There is no CO2 in the tank. I have one bunch of Wisteria that has what I believe to be staghorn algae. I would like to try dipping the plant in a bleach water solution or peroxide water solution. Can anyone tell me what the water to bleach or peroxide ratio should be? And could you tell me the length of time the plant should be dipped?

This plant came out of a 40 gallon high light tank with CO2. It has been in the lower lighted tank for about 3 weeks and the algae is still there.


----------



## John P. (Nov 24, 2004)

FWIW, I had tons of that algae until I brought my CO2 up to 30ppm.


----------



## xinnix (Jan 25, 2005)

There is no CO2 in the tank that it is now.
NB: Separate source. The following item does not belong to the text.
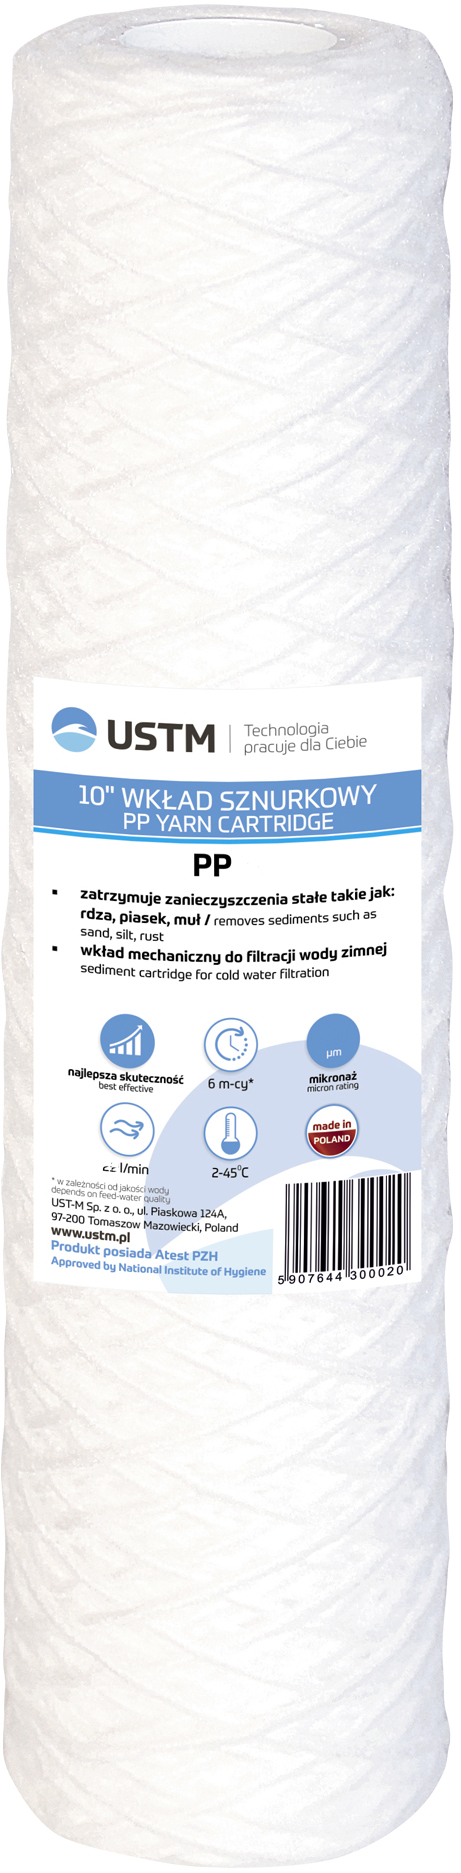 Картридж для фильтра USTM PP5 в интернет-магазине, главное фото
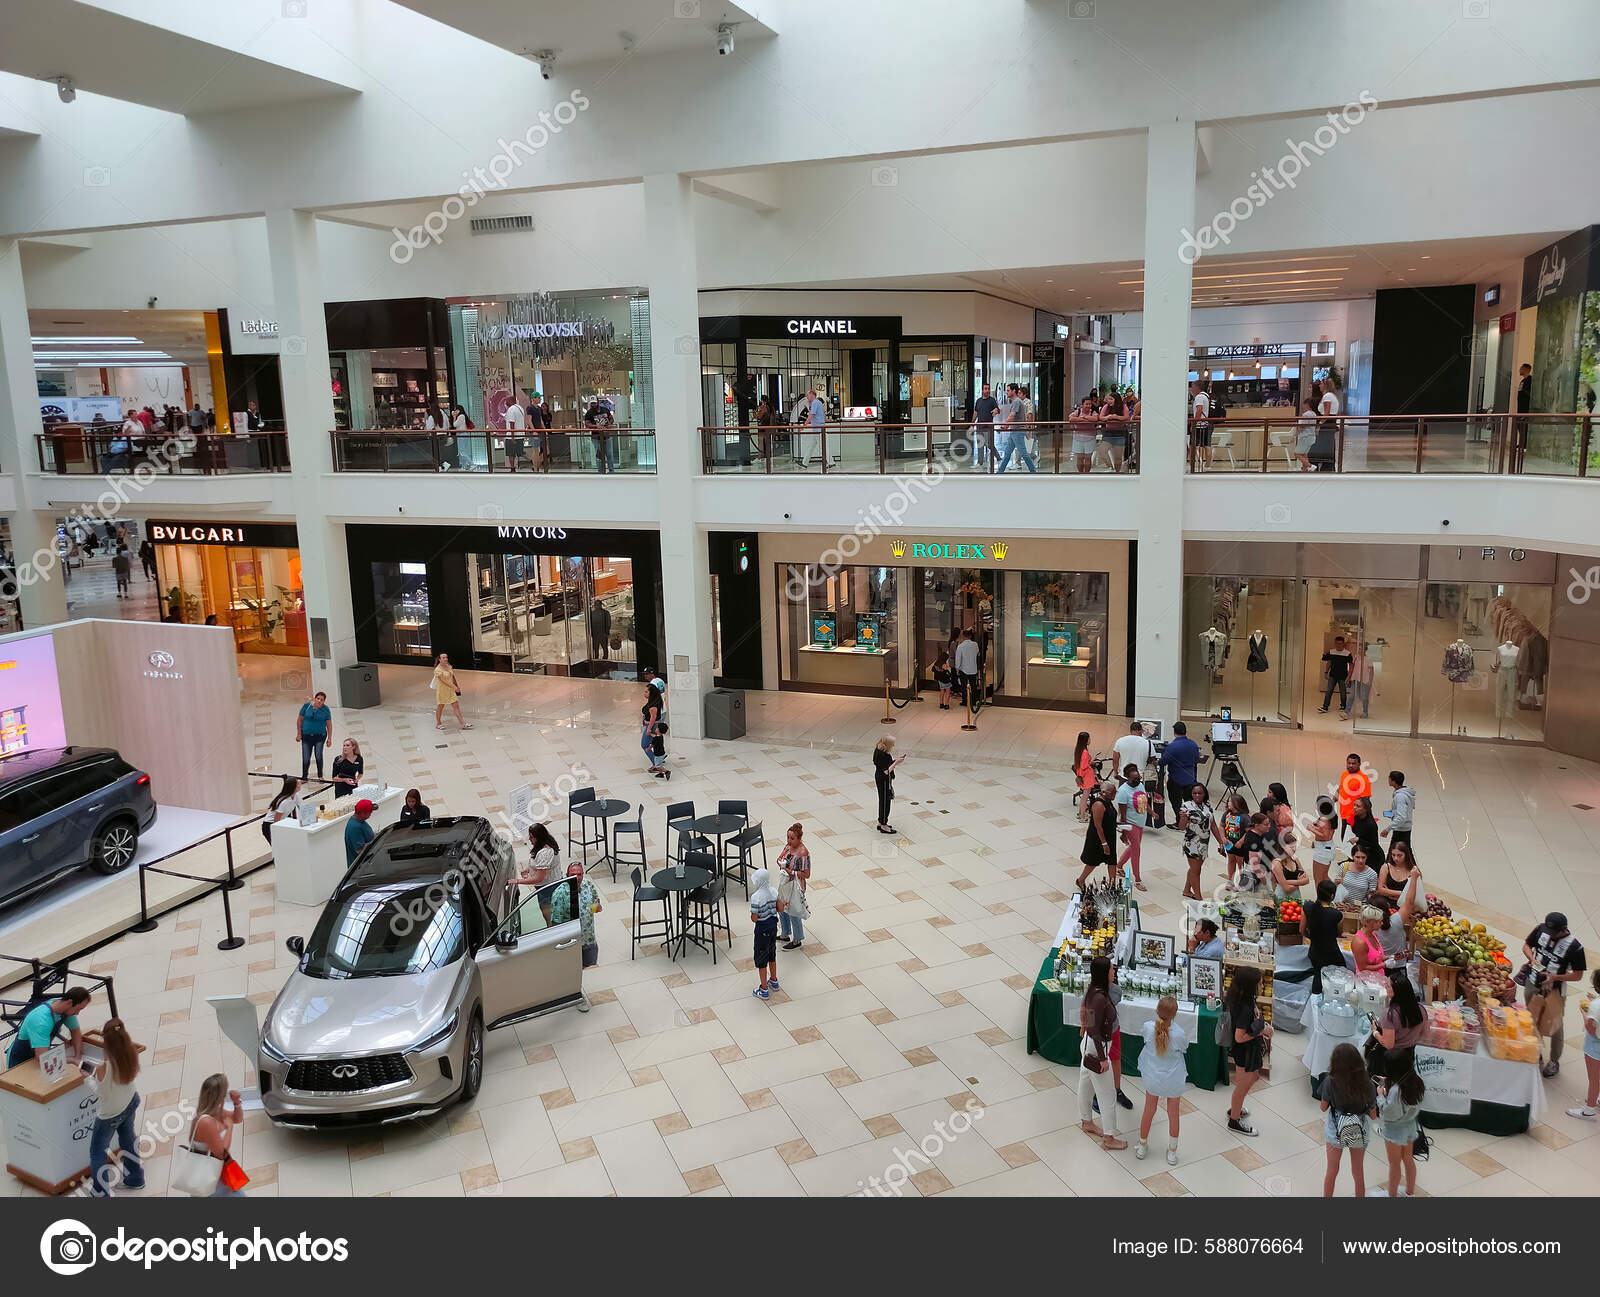 Aventura Mall Shopping in Miami

I was looking for a safe way of removing it from the plant. Maybe it will not come back in the 2 watt per gallon tank. :???:


----------



## trenac (Jul 16, 2004)

I would say that is staghorn algae also.

Bleach dip... 19 parts water to 1 part bleach, soak for 1-2 minutes, rinse with tap water, soak in declorinated water for 2 minutes.

I would suggest adding C02.

What are your water parameters? PH, KH, N03, P04.

Even with low light tanks you need to have a balance between lights, C02 & nutrients. If not you will continue to have problems with algae.


----------



## xinnix (Jan 25, 2005)

Thanks,
The Dipping worked well on the Ludwgia crypt java fern and wisteria. All look healthy. 
water parameters:
NO3 10ppm
NO2 0ppm
Ph 7.4
PO4 0.3 
FE .2
KH 7deg
No CO2 is being added to this tank..(yet?)


----------



## trenac (Jul 16, 2004)

Glad to here the bleach dip worked for you.

Your water parameters look good.

I would get C02 added as soon as possible that will help plant growth in turn keeping algae at bay.


----------



## Gomer (Feb 2, 2004)

yup....nasty nasty staghorn indeed. I have no advice for fixing the problemw ith a non CO2 tank...but I can tell you that Seachem Excel has a negative effect on staghorn algae.


----------